The Chinese market in the Uruguayan exports of meat has been on the decline for some time and, this time, it was surpassed by USA and Canada which dethroned the Asian giant with a 108% increase, amid a general rise in foreign placements that is approaching 16% year-on-year.
Exported meat volumes grew by 22% in June, driven by increased demand for USA and Canada. The year-on-year jump in the US market thus increased from 23% to 37%, according to data published by the National Meat Institute (INAC).
In this way, meat exports totaled 180.4 million dollars, which represented a year-on-year increase of 16%, as well as an increase in the exported volume, going from 36,482 tons in June of last year to 44,574 this year.
The United States is the main buyer of Uruguayan meat
Meanwhile, Chinese numbers continue to decline through a drop from 59% to 35% between June 2023 and this year.
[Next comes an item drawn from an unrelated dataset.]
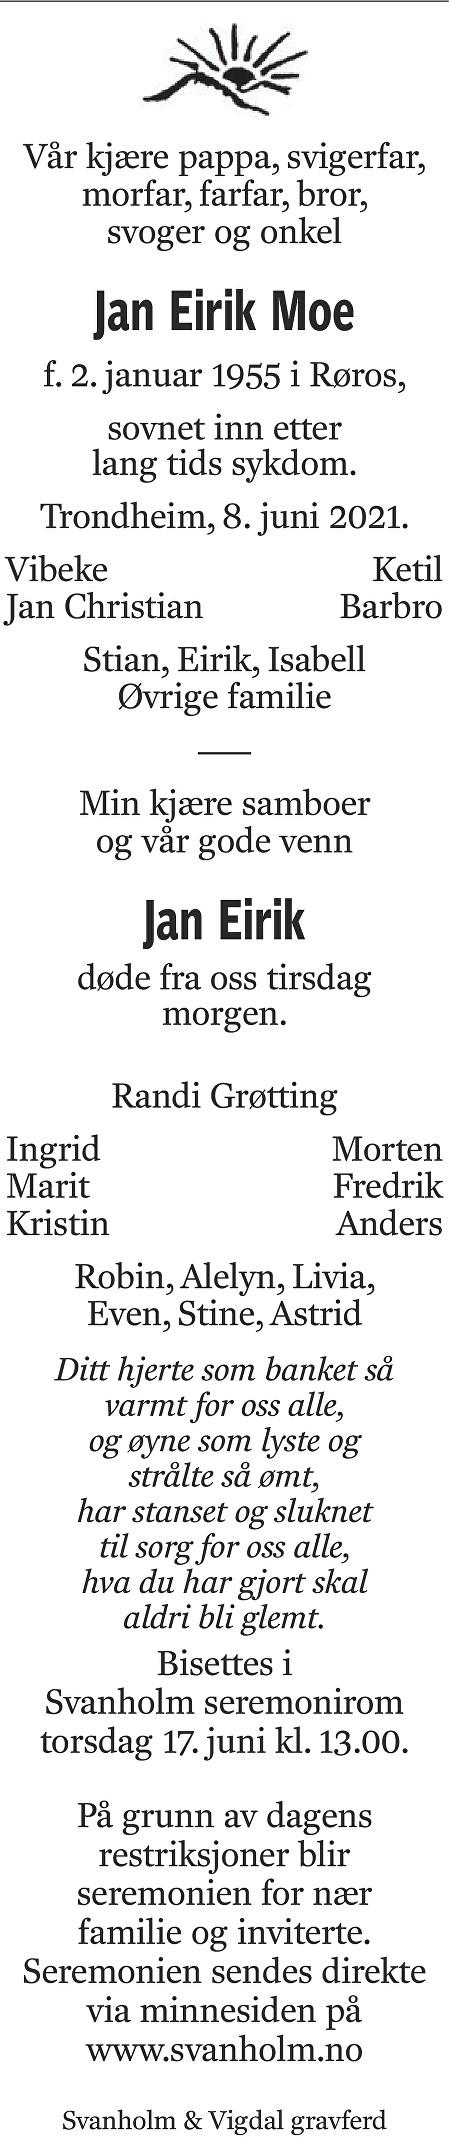 Jan Eirik Moe Dødsannonse
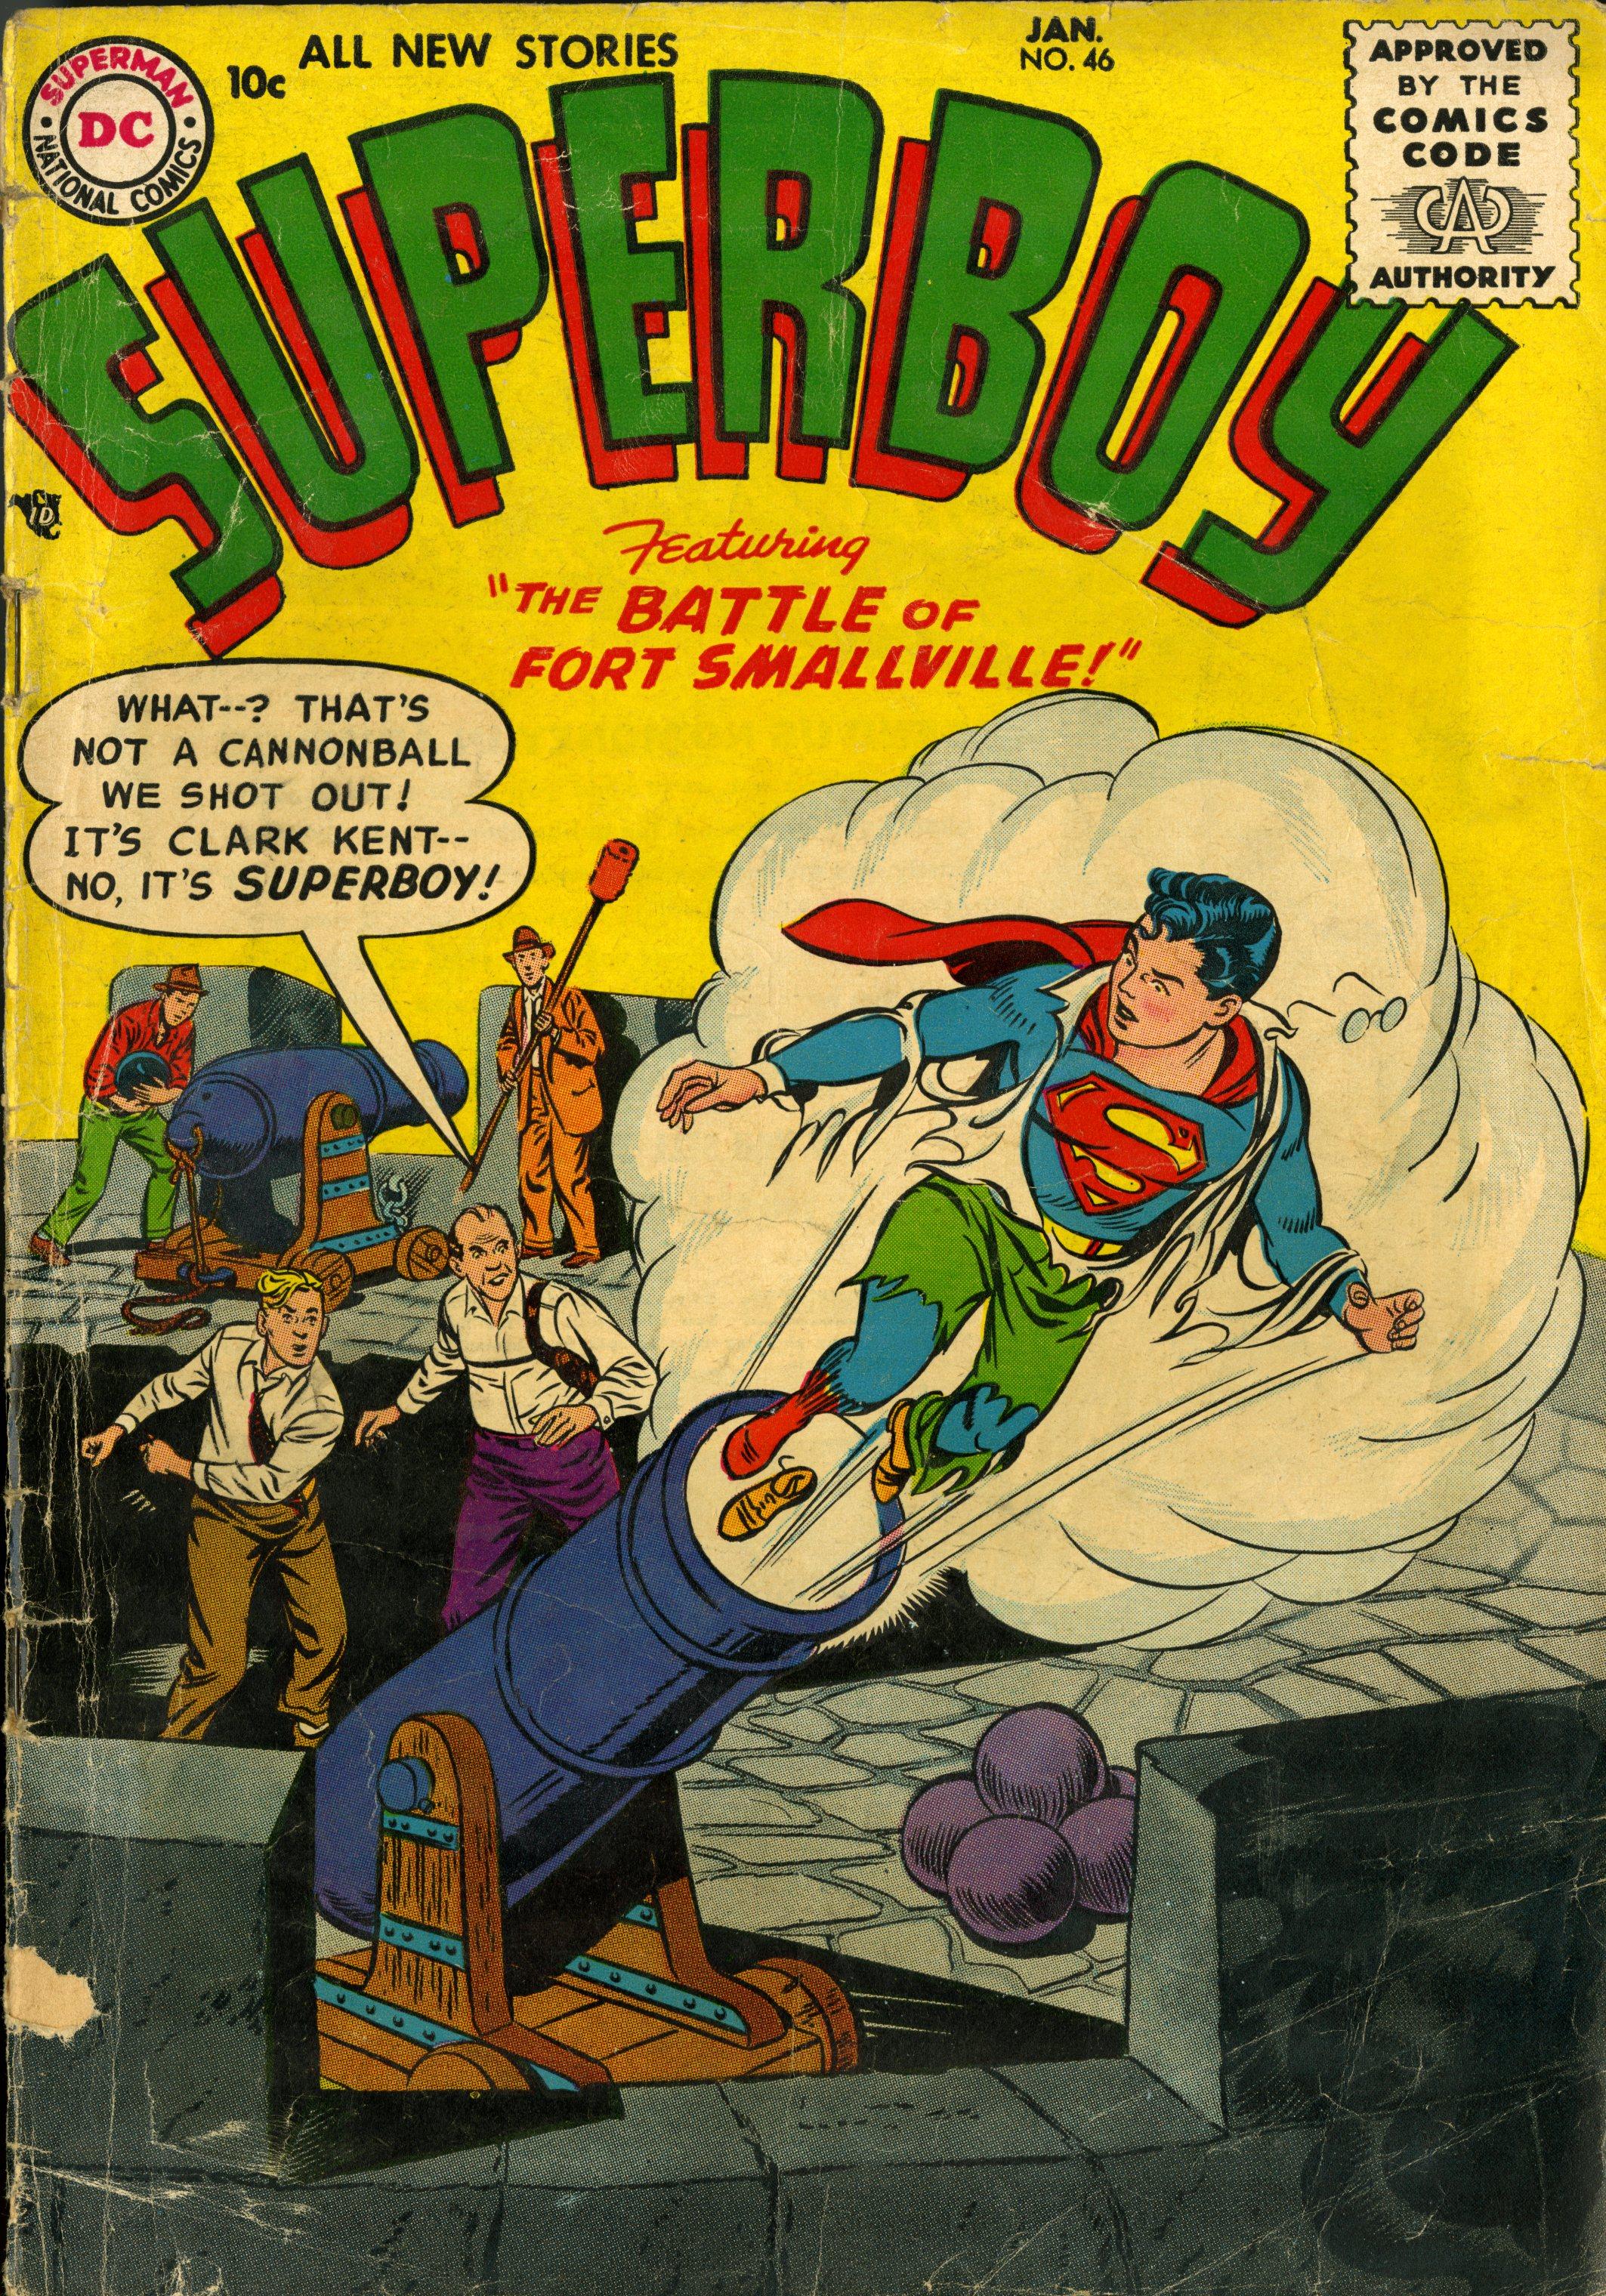 Superboy no 46 January 1956.jpg

Although USA bought almost the same volume as China (15,672 tons the first and 15,651 tons the second), the difference was due to the value of the ton where the Asian giant pays 3,245 dollars and the North American country 4,262 dollars.
The US market thus represented an amount of 66.7 million dollars compared to 50.9 for the Chinese market. In third place was the European Union with 22.7 million dollars. Meanwhile, the demand from the North American country represented a monthly increase of 108% and in the European Union an increase of 75%, while China lowered its own by 27%.
For its part, other markets such as Israel quadrupled their purchases from 466 to 2,223 tons. At the same time, the demand for Japan by 86%, exceeding 1,200 tons in June, representing an accumulation of 5,066 tons in the first half of the year, 27% more than last year.
Meanwhile, Russia also increased its purchases from Uruguay by 6% monthly, with a total of 2,619 tons, achieving an annual accumulation of 9 thousand tons.
The influence of Chinese reality
Although the government managed to add different products to sales towards China, such as horse meat and bovine stomachs, The stagnation of the economy in the Asian giant is the main factor slowing down trade.
Therefore, the 0.3% year-on-year increase in the inflation in May in the country he presides over Xi Jinping, which has been rising for 4 months, could imply signs of recovery, after a period of deflation.
However, analysts agree that the boost to demand must be even greater to accelerate improvements after the economic effects generated by the pandemic. Thus, the accumulated stock and a lower demand, due to the fact that the budgetary efforts were directed to boosting the Internal market, contributed to a cooling in purchases Uruguay.
In this context, the increase in purchases of beef, that has to Brazil As a major supplier, this could be good news if operations between the country and the Asian giant become more dynamic again.